La narrativa moderna comenzó en realidad cuando la «acción» de la novela pasó de encontrarse en la calle a encontrarse en el alma. Y la primera vez que se dio este paso fue tal vez cuando Madame de La Fayette escribió, en el siglo xvii, una pequeña historia titulada La princesa de Clèves, una historia de amor desesperado y muda renunciación en la que el tenor elegante de las vidas que se retratan apenas se ve alterado por los episodios de júbilo y de agonía que se suceden bajo la superficie.
El siguiente paso se dio cuando los protagonistas de este nuevo drama psicológico, que eran marionetas arquetípicas –el héroe, la heroína, el villano, el padre huraño, etc.–, se convirtieron en seres humanos reales y reconocibles. Aquí también fue un novelista francés, el Abbé Prévost, el que abrió el camino con Manon Lescaut, pero el esbozo que él hace de los personajes parece resumido y esquemático si se los compara con la primera gran figura de la narrativa moderna: el espeluznante El sobrino de Rameau. Hasta mucho después de la muerte de Diderot nadie se dio cuenta de que el autor de tantas historias excepcionales, pobladas de marionetas del siglo xviii, se estaba anticipando en la creación de esas figuras humanas sórdidas, cínicas y desoladas, no solo a Balzac, sino también a Dostoievski.
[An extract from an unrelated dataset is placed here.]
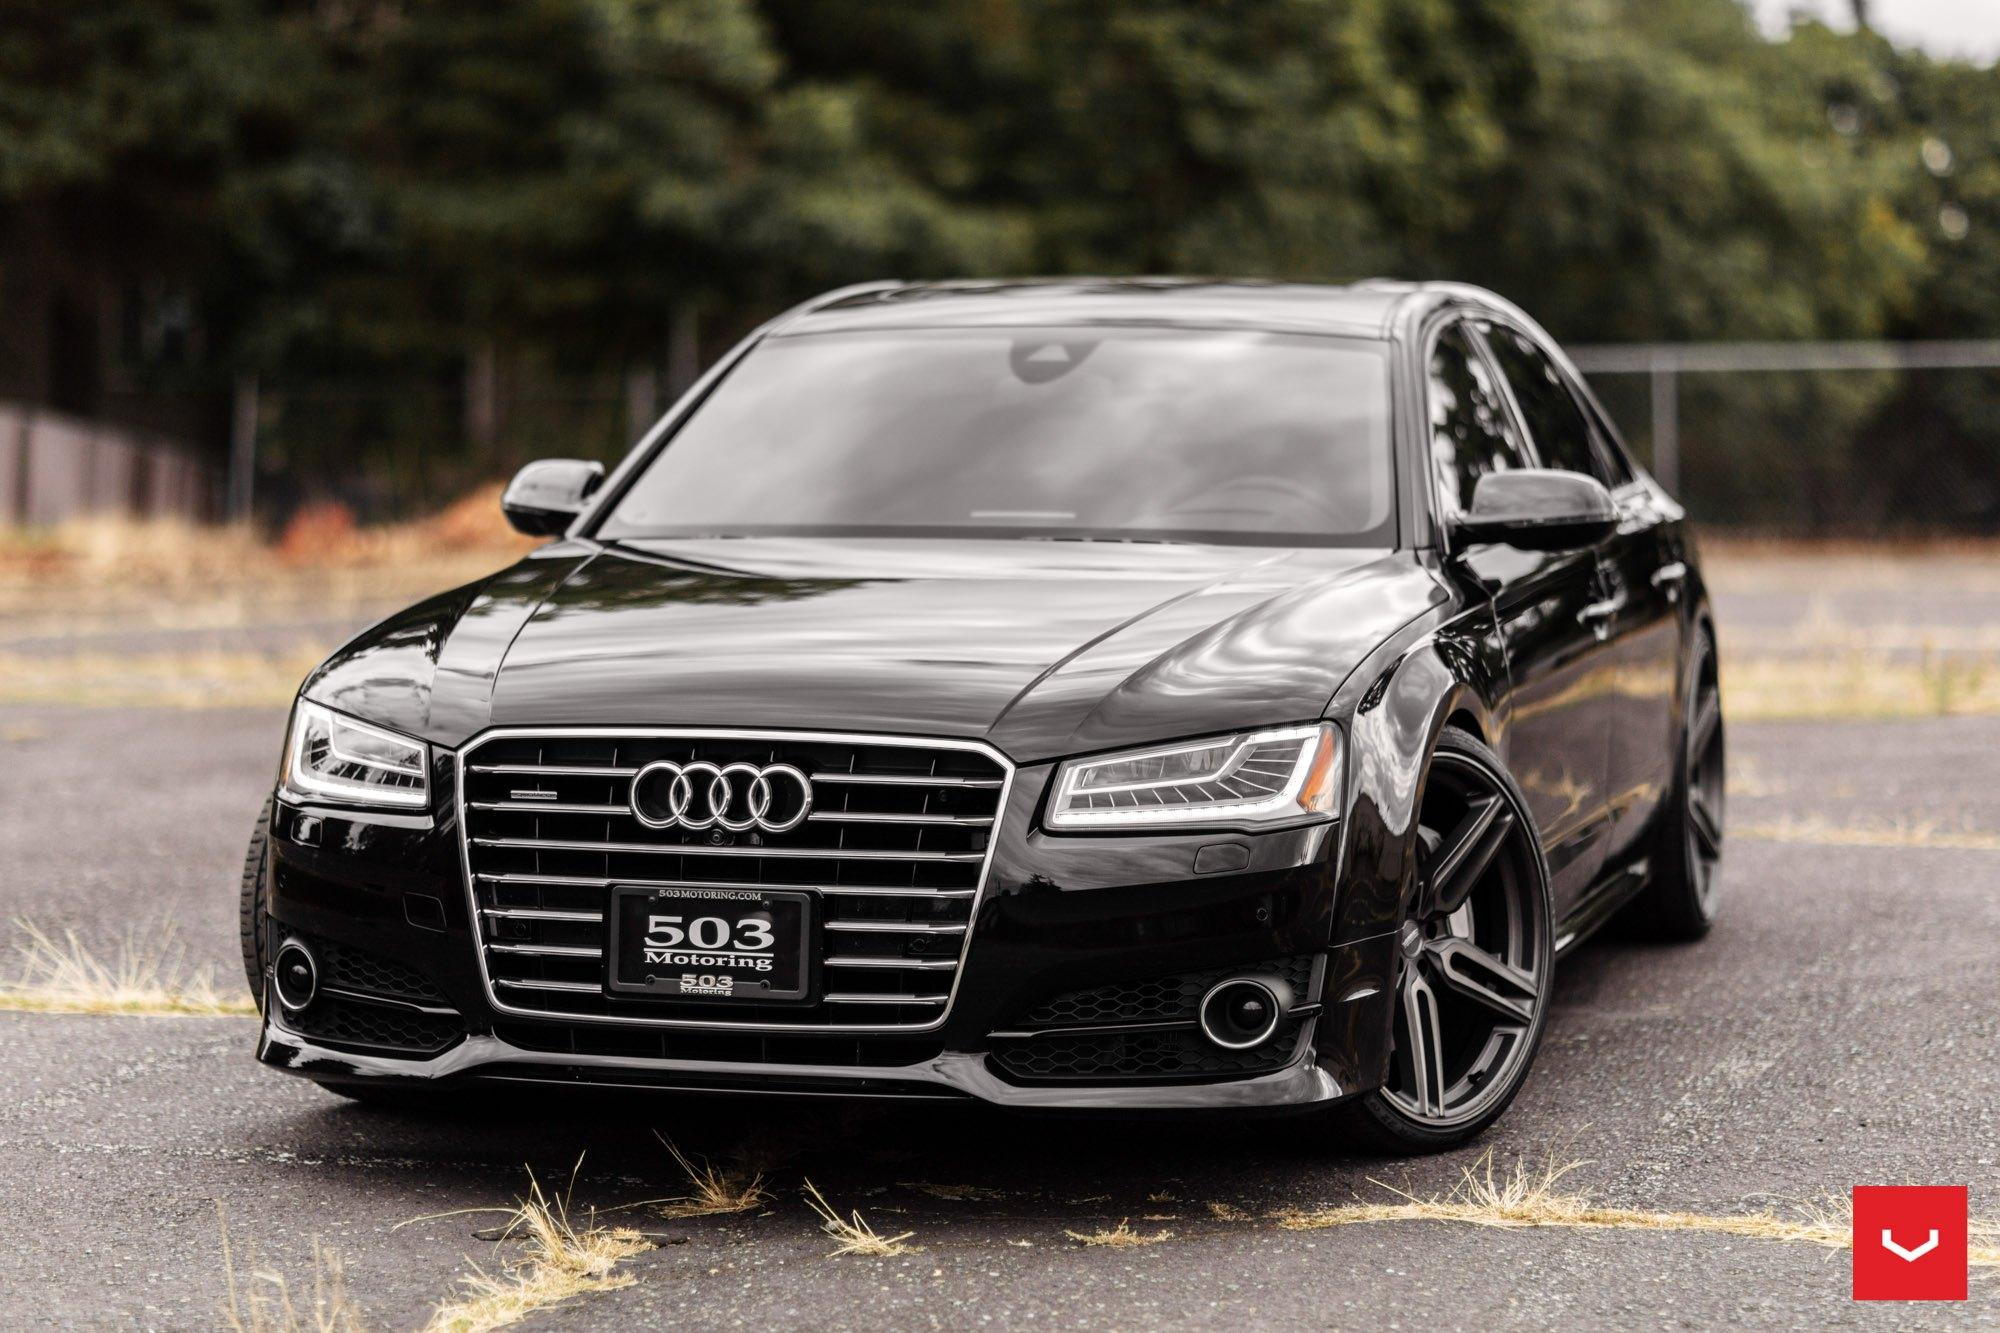 Black Audi A8 Gets More Luxurious Aftermarket Details Carid Com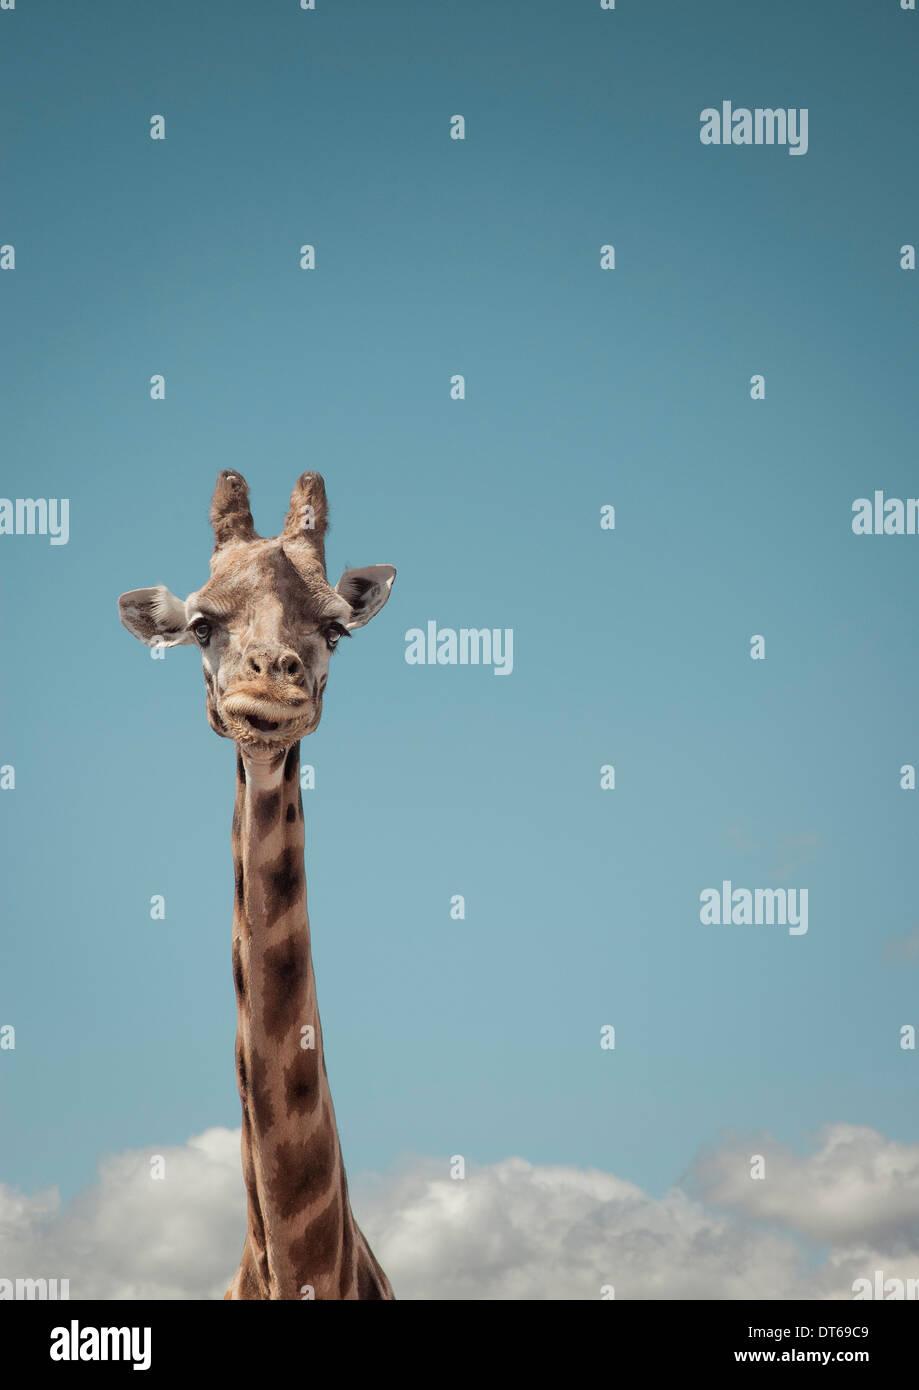 Portrait de girafe et ciel bleu Photo Stock

Pero la narrativa moderna se distingue de Manon Lescaut y de El sobrino de Rameau, incluso de Lesage, Defoe, Fielding, Smollett, Richardson y Scott, por dos grandes genios: el de Balzac y el de Stendhal. A excepción de ese asombroso accidente que es Diderot, Balzac fue el primero en ver a la gente, desde el punto de vista físico y moral, en su medio y con su forma de vida, con sus gustos y sus enfermedades, y en hacer que el lector también los viera así. Pero no solo eso: fue además el primero en extraer la acción dramática de la relación que estos personajes tenían con sus casas, sus calles, sus ciudades, sus profesiones, sus hábitos heredados y sus opiniones y, naturalmente, de los contactos fortuitos entre ellos.
El propio Balzac consideraba a Scott pionero de este tipo de realismo, de quien el joven novelista reconoce sin ambages haber obtenido su principal inspiración. Pero, como observó Balzac, Scott, tan agudo y directo al estudiar el resto de su campo de visión, se convertía en un escritor convencional e hipócrita cuando tocaba el tema del amor y las mujeres. En deferencia a la oleada de mojigatería que invadió Inglaterra después de los vulgares excesos de la corte de Hannover, Scott cambió la pasión por sensiblería y redujo a sus heroínas a recuerdos insípidos, mientras que en la firme superficie del realismo de Balzac apenas hay una falla. Sus mujeres, tanto las jóvenes como las ancianas, son seres vivos, y tan compactas en sus humanas contradicciones como devastadas por sus humanas pasiones, igual que sus avaros, sus banqueros, sus clérigos o sus doctores.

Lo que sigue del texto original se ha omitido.